A Slew of Succulents

The Kalanchoe Genus Offers a Multitude of Drought-Tolerant Species

The diversity of plant life is quite amazing. The something like 300,000 plant types on the earth have evolved from some single-celled algae to everything from giant redwood trees to lacy ferns. What is really astounding is when within a very closely related group of plants, say species in the very same genus, there can be so much variation in plant form.

The genus Kalanchoe is one such group. From smallest to largest, there are a multitude of succulent and thus drought-tolerant species to choose from. One of the smallest in stature is only 8-12 inches tall and has an equally dainty name—the flower dust plant (K. pumila). The small dark green leaves are dusted with a whitish powder, giving the whole plant a ghostly hue. For several months in late winter and early spring, the plant disappears beneath a multitude of pink flowers. It is useful for the edge of the bed or in containers.
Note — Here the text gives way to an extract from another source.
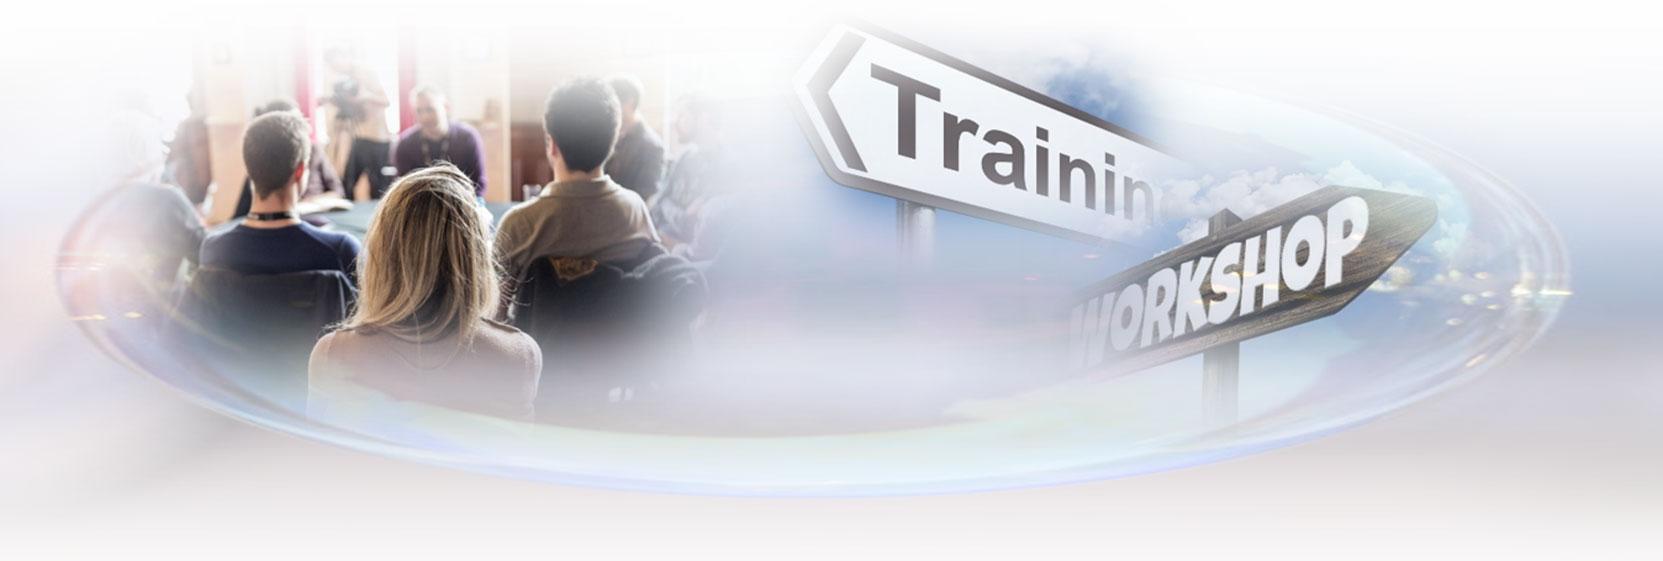 header voor training workshop of lezing

Another species that blooms in a pretty showy way also has sculptural good looks year-round. K. fedtschenkoi has short stems, usually no higher than a foot, that sport succulent leaves with scalloped edges in shades of gray-green shading to pink (yes, pink!). The leaves tend to all line up in the same direction parallel to the stem and facing the source of the brightest light. When in bloom, the graceful flower stalks rise up from the apex of the stems and also tend to curve all in the same direction while dangling dusty-pink bell-shaped flowers.
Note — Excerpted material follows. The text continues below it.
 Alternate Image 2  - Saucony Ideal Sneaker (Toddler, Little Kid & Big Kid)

Some other species are not especially noted for their flowers, but the colors and patterns on their leaves are worth a second look. The most charming of these is the panda plant (K. tomentosa). It has slender stems supporting a few narrow fleshy leaves that are covered in short, thick hairs. The gray-green, slightly notched leaves are edged in dark brown. Very cute, just like a real panda.
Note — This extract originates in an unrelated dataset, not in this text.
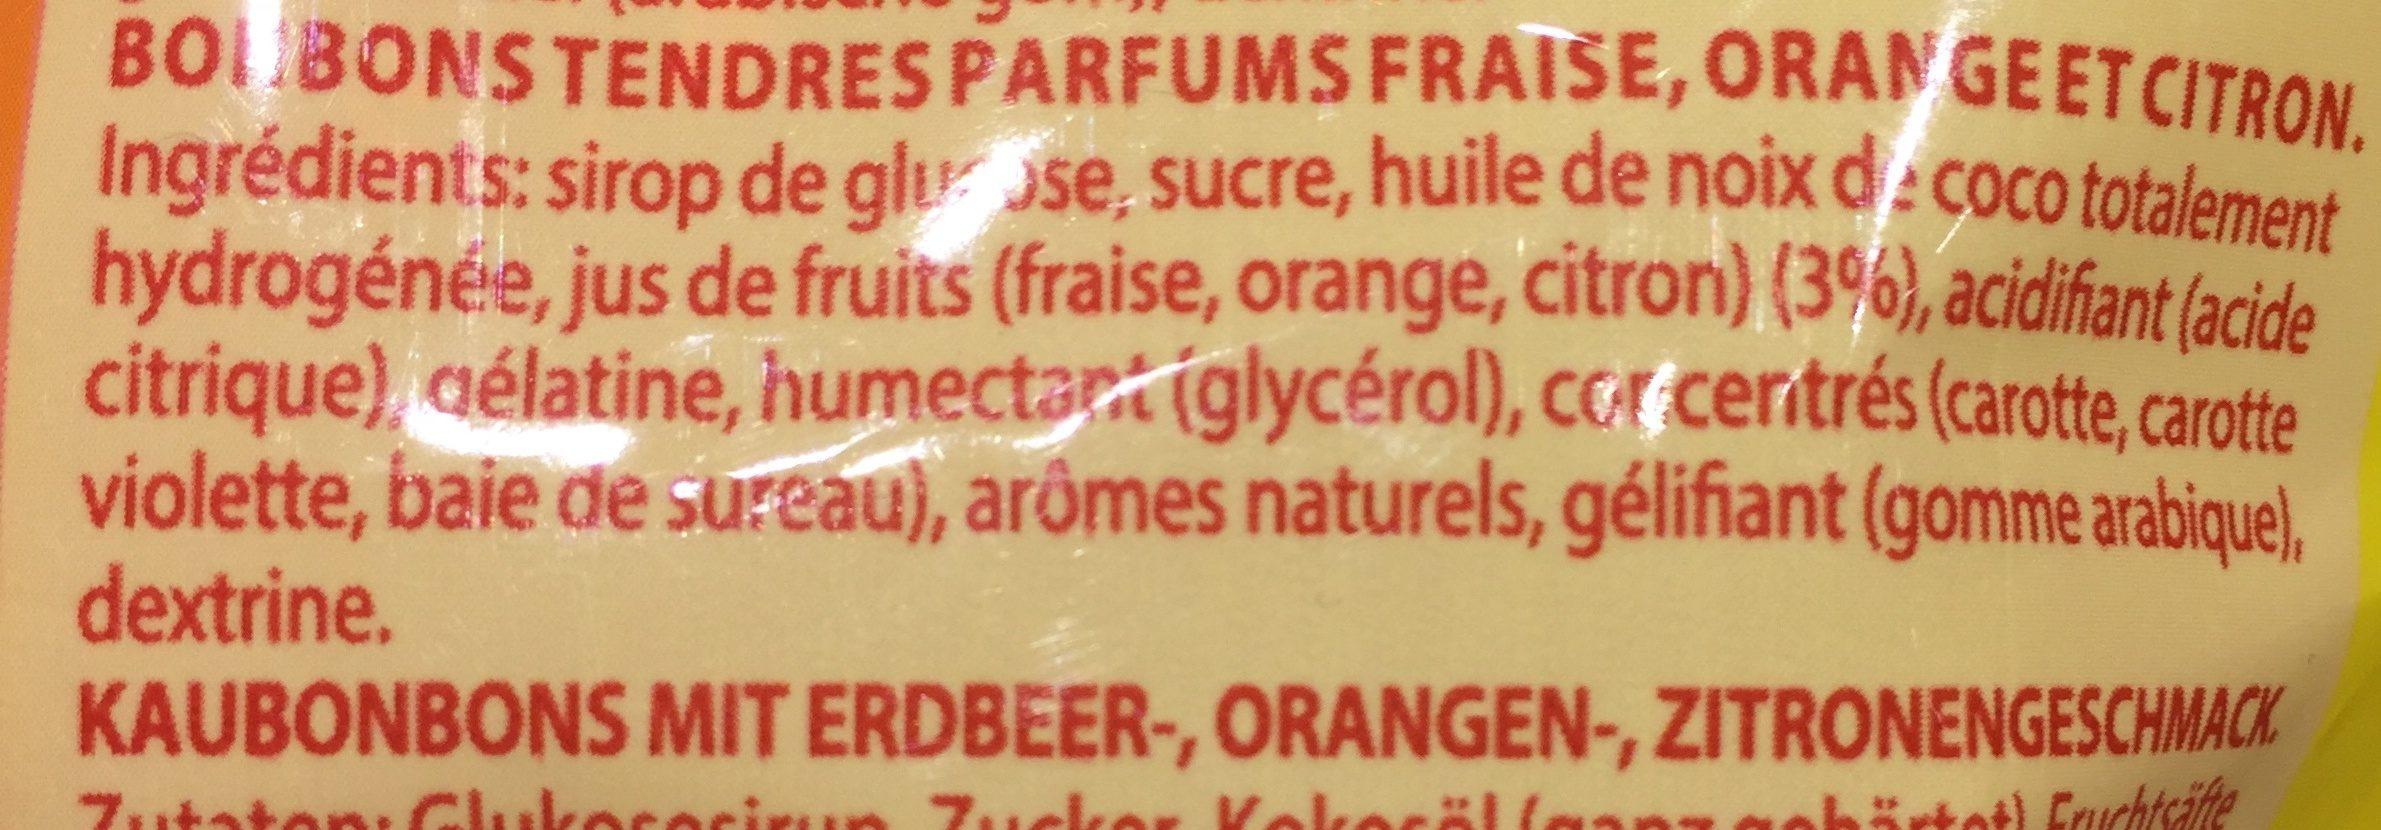 Fruitella - Ingrédients - fr

The larger species are equally enchanting. Kalanchoe beharensis is the giant among them. Sometimes known as the felt plant, the leaves of this species are covered with what can only be compared to the flocking on a cheap plastic toy bear. They are of an ornamental and intricate shape, as well—sort of an arrowhead shape that is partially folded with an irregularly wavy edge. Just a handful of these leaves will top a thick succulent stem that can be up to six feet tall in an old, lucky plant. The other show-stopper is K. luciae, also known as the paddle plant because it looks like a bouquet of ping pong paddles stuck in the ground. In bright light and cold winter temps, the paddle-shaped leaves take on a deep flame-orange color shading to the palest green at the base. The plants will slowly increase in size by growing separate basal suckers, eventually reaching a couple of feet in diameter.

Celebrate diversity wherever it is found. In the dry garden, it could be with a kalanchoe or two.

March Tips

• Don’t panic if your oak trees have been defoliated (or nearly so) by the seasonal attack of oak moth caterpillars. The offending insects will soon die on their own or be picked off by birds, and the oaks will grow another set of leaves. If rains hold off, consider giving them a deep irrigation while temperatures are still cool to give the trees a better chance of recovery.

• That goes for other plants, especially trees, this so-far-unrainy season. Regular irrigation is still needed. Monitor soil moisture, and water as necessary.

• Check mulch levels, renewing to a depth of a minimum of four inches.